▸ DATASET EXTRACT:
::::

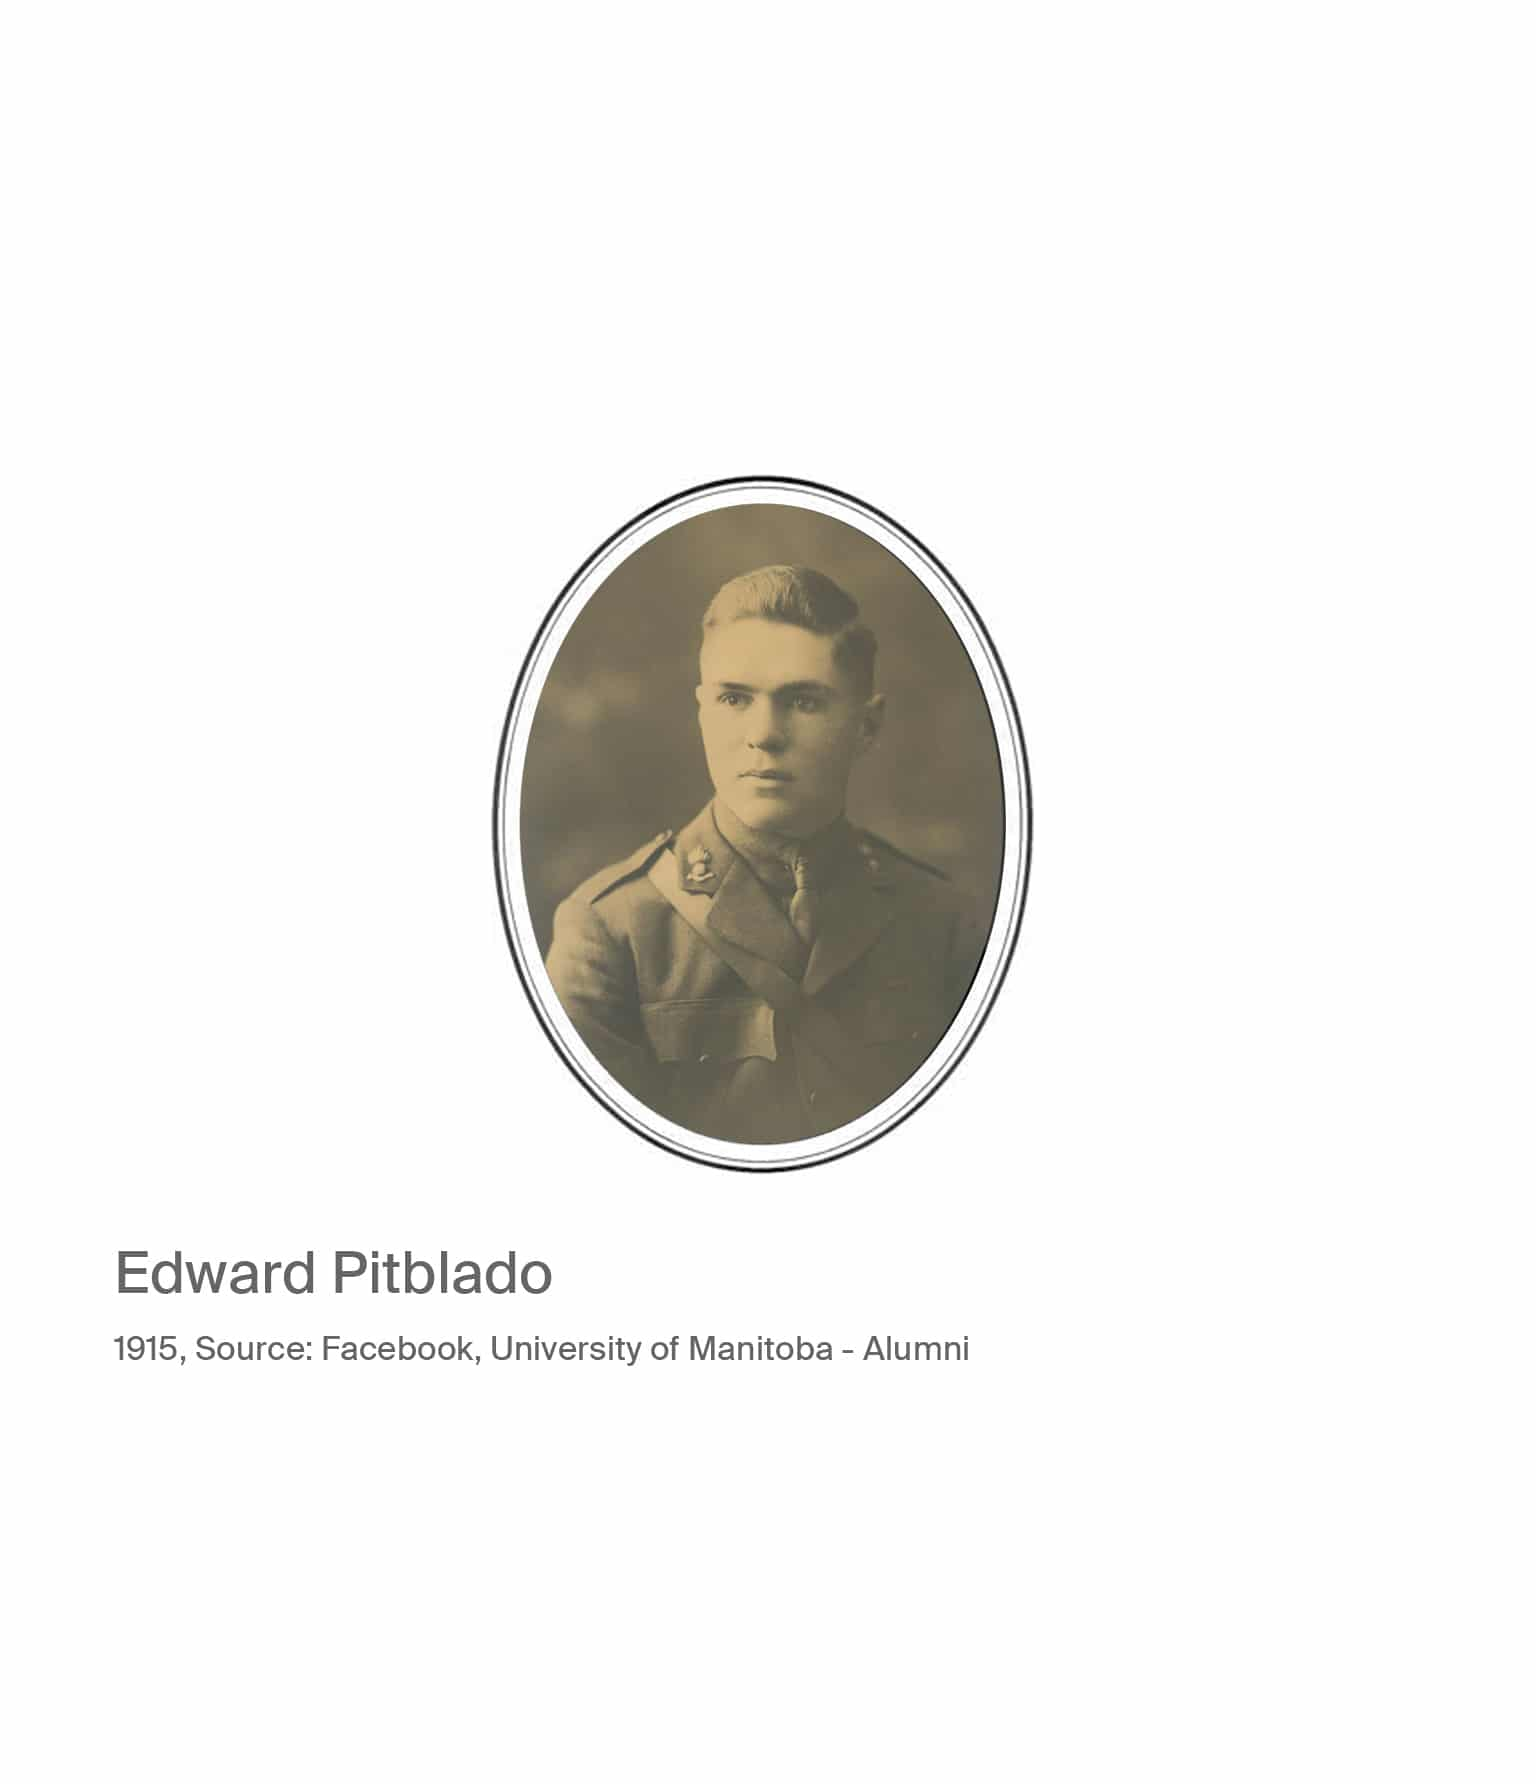 Edward Pitblado. 1915, source Facebook, University of Manitoba Alumni.
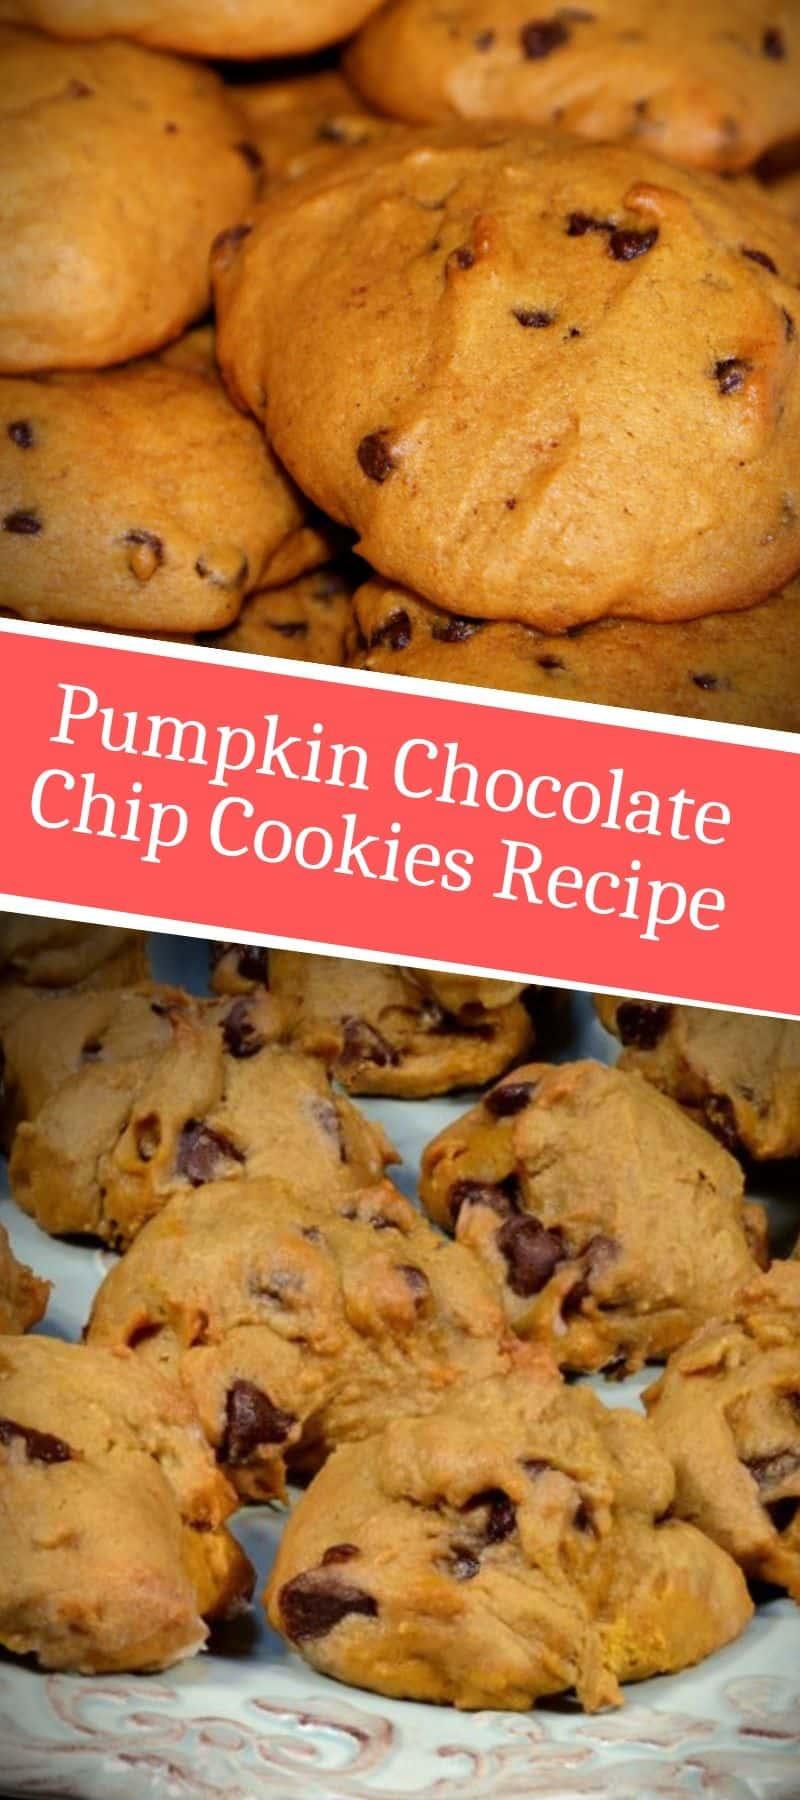 Pumpkin Chocolate Chip Cookies Recipe 3
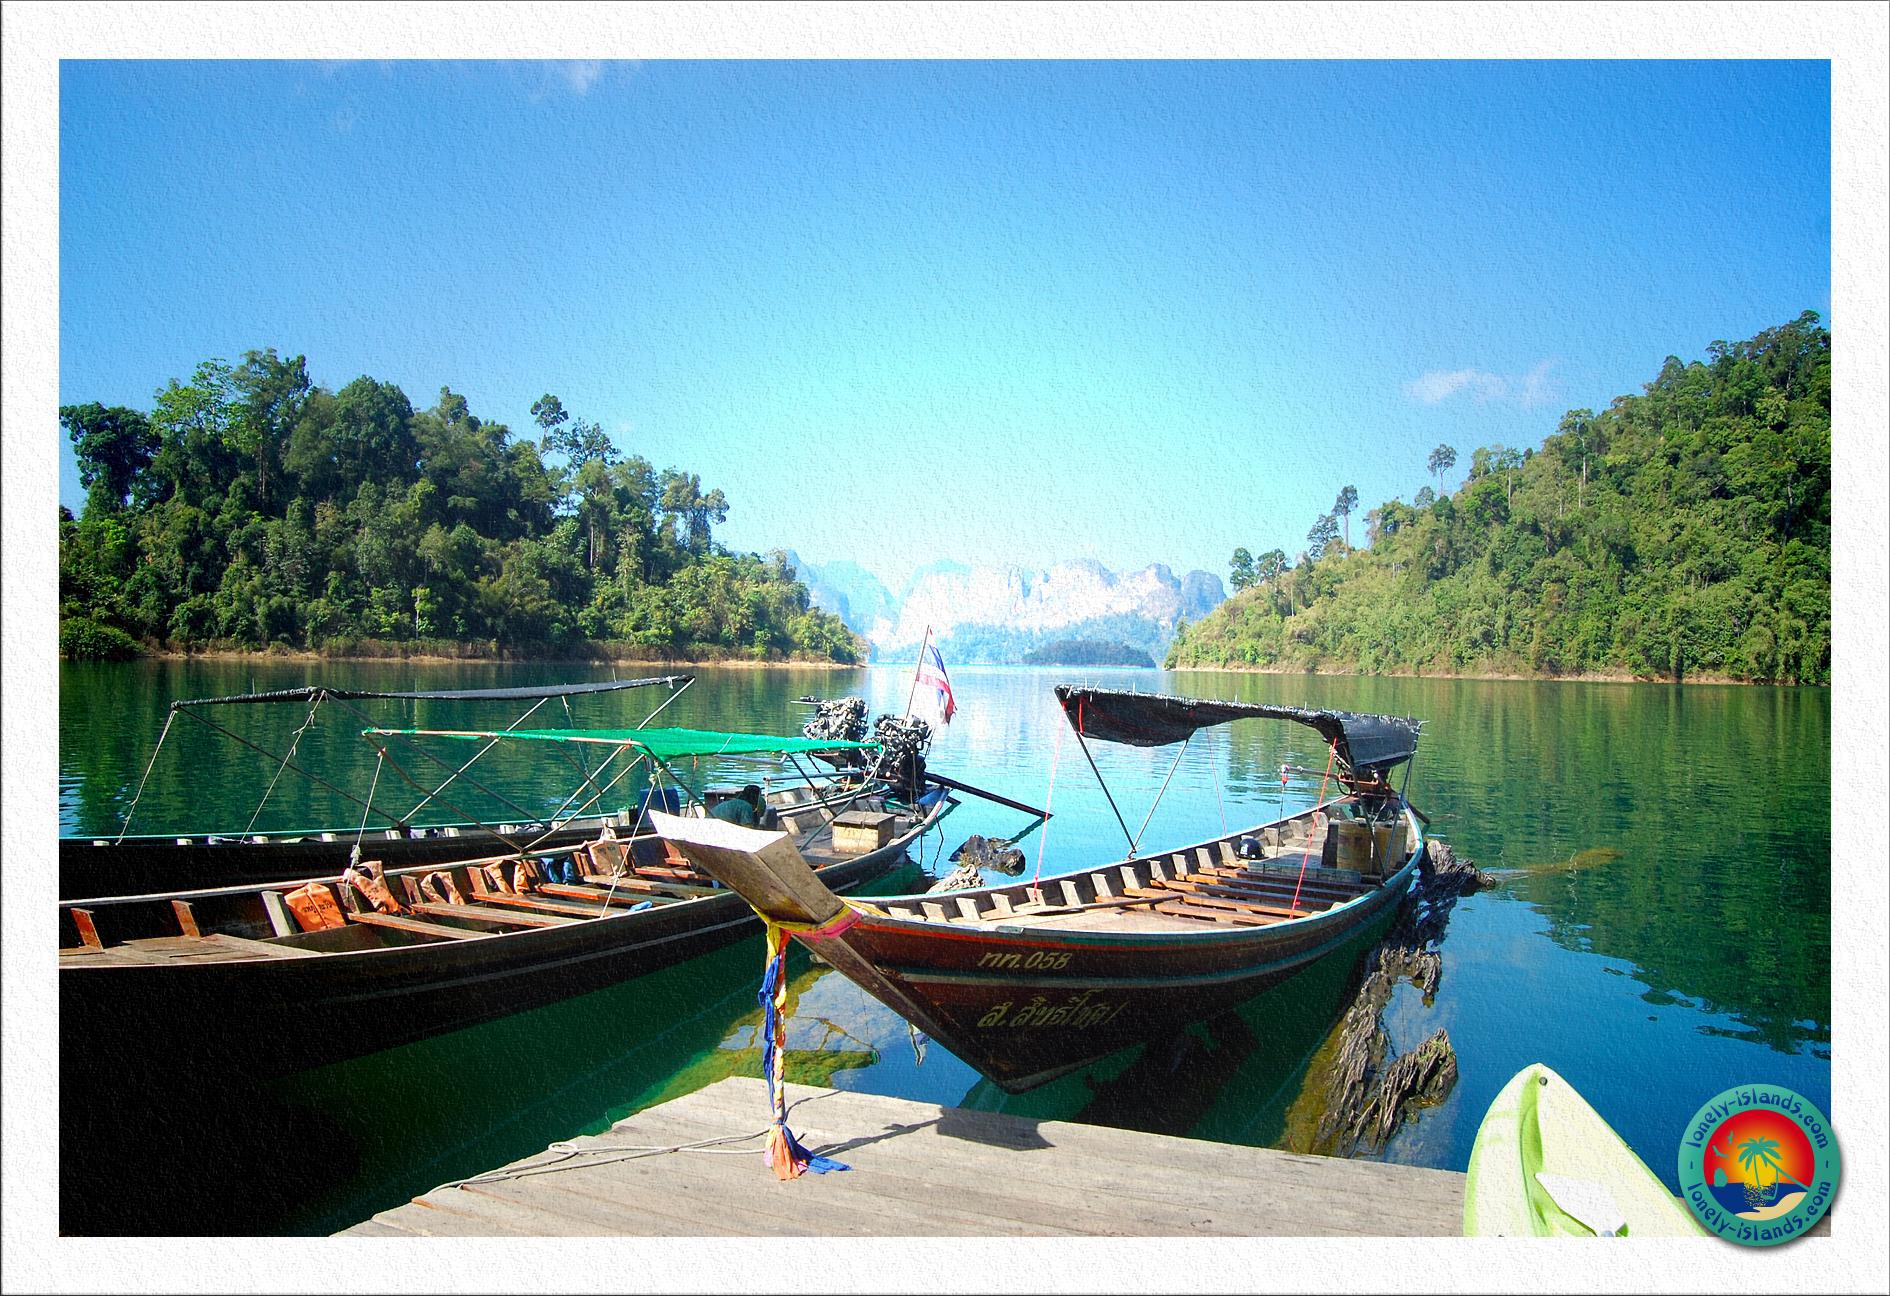 Longtailboote auf dem Chiao Lan Stausee

::::

Return the material above in exact form. Pictures stay out.

▸ EXERCISE RESPONSE:
 Edward Pitblado. 1915, source Facebook, University of Manitoba Alumni.
 Pumpkin Chocolate Chip Cookies Recipe 3
 Longtailboote auf dem Chiao Lan Stausee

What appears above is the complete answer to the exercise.